To further confirm the effect of cigarette smoking on the RIP2/NF-κB signaling pathway and the expression of caspase-12, we examined the levels of RIP2, NF-κB and caspase-12 expression in HSC-3 cells by using western blotting. The results in Fig. 3A indicated that CSE induced activation of the RIP2/NF-κB pathway in a dose-dependent manner (Fig. 3A). To further identify the effect of CSE on NF-κB-mediated transcriptional activity, the nuclear protein NF-κB p65 in HSC-3 cells was measured. Our results clearly showed that CSE treatment induced the activation of the NF-κB signaling pathway (Fig. 3B). In addition, the protein level of caspase-12 was obviously increased after stimulation with CSE (Fig. 3C). Our in vitro results were similar to the results obtained in OSCC tissues. These results indicated that the RIP2/NF-κB pathway was activated and caspase-12 expression was increased after CSE treatment.

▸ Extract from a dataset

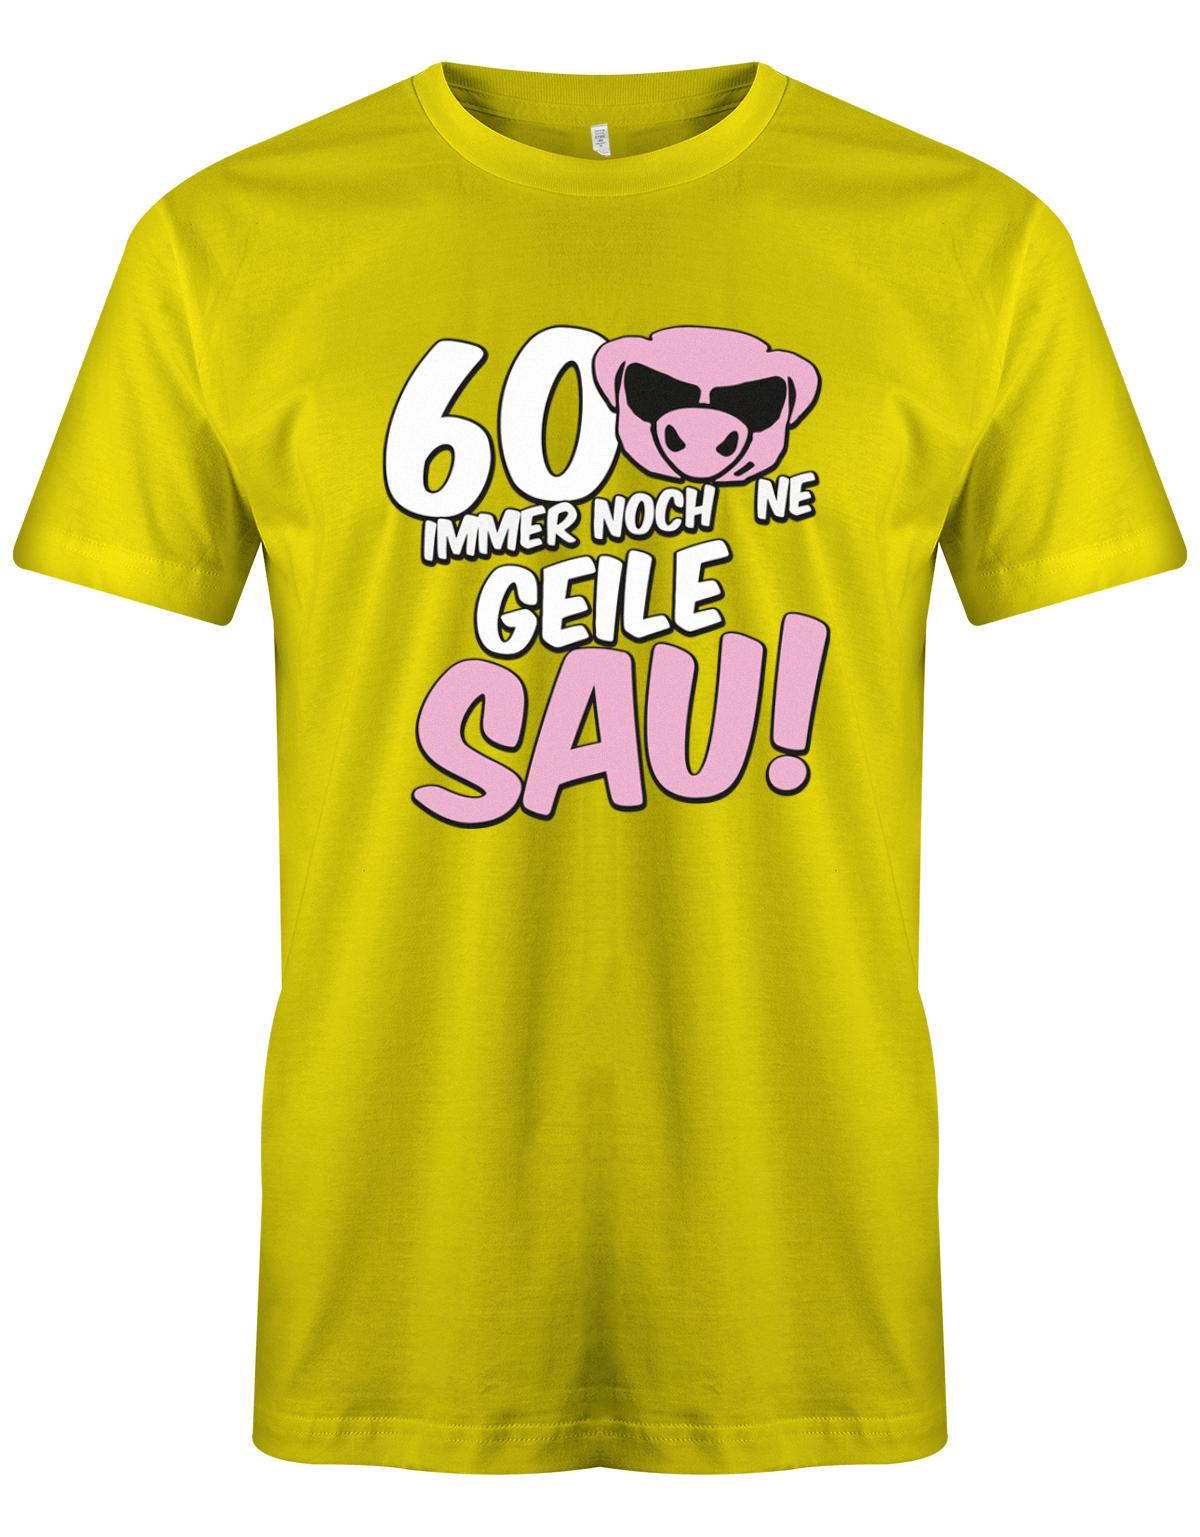 Lustiges T-Shirt zum 60 Geburtstag für den Mann Bedruckt mit 60 Immer noch 'ne geile Sau! Sau mit Sonnenbrille gelb

RIP2 positively regulated caspase-12 expression in CSE-treated HSC-3 cells

To further confirm the relationship between RIP2 and caspase-12 in the presence of CSE treatment, we used siRNA to reduce the expression of RIP2 in HSC-3 cells. We found that the knockdown of RIP2 significantly reduced the levels of caspase-12 and total NF- κB p65 expression in CSE-treated HSC-3 cells (Figs. 4A–4D). The effect of RIP2 knockdown also resulted in a reduction in the accumulation of nuclear NF-κB p65 after treatment with CSE (Figs. 4E and 4F). These results indicated that RIP2 positively regulates the NF-κB pathway and caspase-12 expression, which may be involved in the development of OSCC induced by cigarette smoking.